Introducing Percy Bigler, a homespun boy who lives within the pages of Wish Me Home West Virginia, by Valerie Banfield

Novel PASTimes: With me this morning is Percy Bigler, a native of Elizabeth, West Virginia and a participant of President Franklin Delano Roosevelt’s highly acclaimed, yet widely controversial, Civilian Conservation Corps. Good morning, Percy.
PERCY: Morning, ma’am.
Novel PASTimes: I know the purpose of the CCC is to take young men off public assistance, to provide for their families financially, and to build or improve the country’s infrastructure, among other things. How did you come to enroll in the program?
PERCY: When the stock market crashed back in 1929, it took a while for its effects to trickle into West Virginia. During the five years since, that trickle’s washed away livelihoods, swept food off the tables, and drenched folks with fear. My family managed to tread water until 1934, but when the incessant flow hit flood stage, it was time for me to man the lifeboat and get them out of harm’s way. It was President Roosevelt who tossed the ropes to me, and it was in the form of the CCC.
Novel PASTimes: That’s an unusual way to frame the consequences of the Great Depression.
PERCY: Flooding is all too common in the hills and hollows, so I reckon that’s why it seems a fitting comparison. Truth of the matter is that some counties in West Virginia have unemployment as high as eighty percent.
Novel PASTimes: Oh my. In that case, flood stage may be an understatement. Tell me about your experience with the president’s program.
PERCY: Some people are downright scornful when it comes to the CCC, but I’m proud of the work we’re doing. Sure, it takes a heap of money to set up a work force like President Roosevelt designed, but we’re saving forests, preventing fires, building roads and dams, and employing conservation techniques that protect our land. A hundred years from now, when someone snags a fish out of a lake in a national forest, or a father takes his family camping at a state park, evidence of our work will remain, and I hope those folks know that it was the men of the CCC who prepared the way.
Novel PASTimes: Is it true that you have been the subject of disciplinary action?
PERCY: Yes, ma’am. I’m embarrassed to say that the sergeant overseeing my training at the conditioning camp and the camp commander in Nevada both took me to task.
Novel PASTimes: Would you mind sharing what happened?
PERCY: I’d rather you got to know me a mite better before I spill the story, especially since my defense won’t sound credible without retelling the events that led up to each indiscretion. I will say that I’m a peaceable person who practices compromise, but in both situations, I ended up on my backside before I could offer another remedy. It’s funny how fast things can go downhill—not that either occasion was laughable. That’s not what I mean.
Novel PASTimes: My notes indicate your education ended after the eighth grade. How do you account for your vocabulary?

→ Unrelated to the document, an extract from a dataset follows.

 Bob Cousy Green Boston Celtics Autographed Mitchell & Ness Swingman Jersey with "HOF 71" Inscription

PERCY: I may not be schoolhouse smart, but I’m what the folks in the hollow call book learned. They pronounce that ler-ned. When I saw the hundreds of books at the CCC camp library, it set my mouth watering. Shelves overflow with books about history and science, and good reads by authors like Mark Twain. A good story can take you anywhere, don’t you know?
Novel PASTimes: Did you ever imagine your real life travels would take you to Nevada?

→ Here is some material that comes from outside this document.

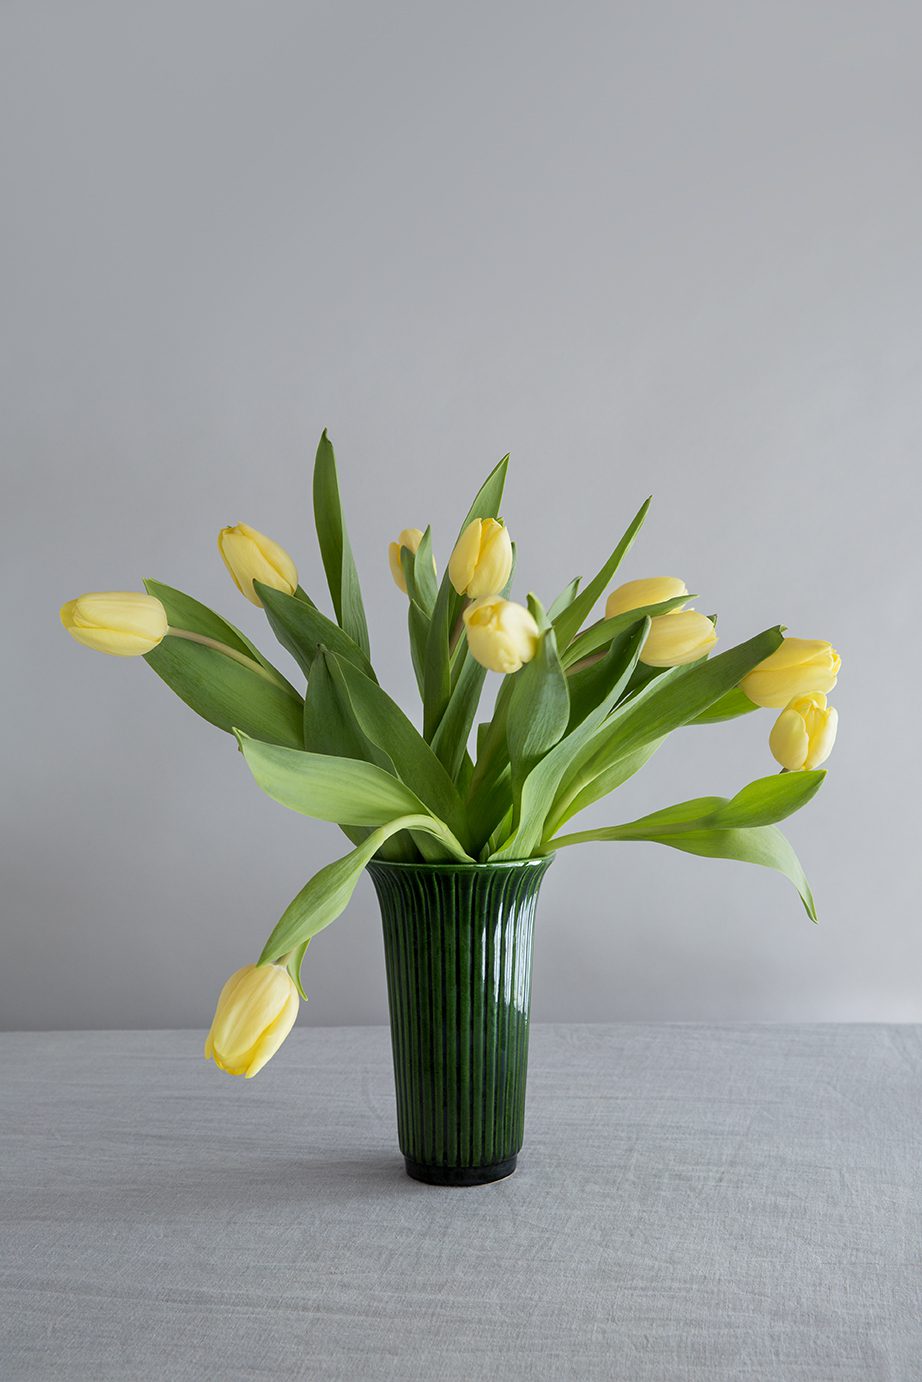 Glazed green slim vase with yellow tulips.

PERCY: No, ma’am. It’s as hot out here as the tin roof on Bigler’s General Store, but this is where the CCC sent me, and I aim to make the best of it.
Novel PASTimes: What about your personal life, Percy? Do you have a sweetheart waiting for you to come home?
PERCY: No, ma’am. I will say that I met a nice looking gal who lives here in Hawthorne, but she’s nothing like those from back home. Pretty and smart as she is, I think she scares me more than she entices me. I reckon I’d be better off with one from my own neck of the woods, one who delights in the simple things in life. One like . . .
Novel PASTimes: Why, Mr. Bigler, I think you’re blushing. Would you care to enlighten our readers?
PERCY: No, ma’am. That’s all I have to say on that subject.
Novel PASTimes: Then, let me ask one more question. What do you fear, and what to you hope to find, when you finish your work with the CCC and go back to West Virginia?
PERCY: First off, I try not to worry. It takes more effort than living the day that’s set before me. That said, I hope the Depression ends before I go home, because I’ll need a job once I get there. I hope that when I return, I’m just a grown-up version of the country boy who left. I have faith that regardless of what I find when I walk into the only place I’ve called home, the Good Father will determine my next steps.
VALERIE BANFIELD is a talespinner to the lost, the loved, and the found. She is the author of eleven novels, co-author of three West Virginia-themed tales, and recipient of the Cascade Award for Historical Fiction. In the course of writing about West Virginia, the hills and hollows beckoned her, so she uprooted her tent stakes and planted them in the Mountain State’s red clay soil. Right now, she’s pretty sure she’s home.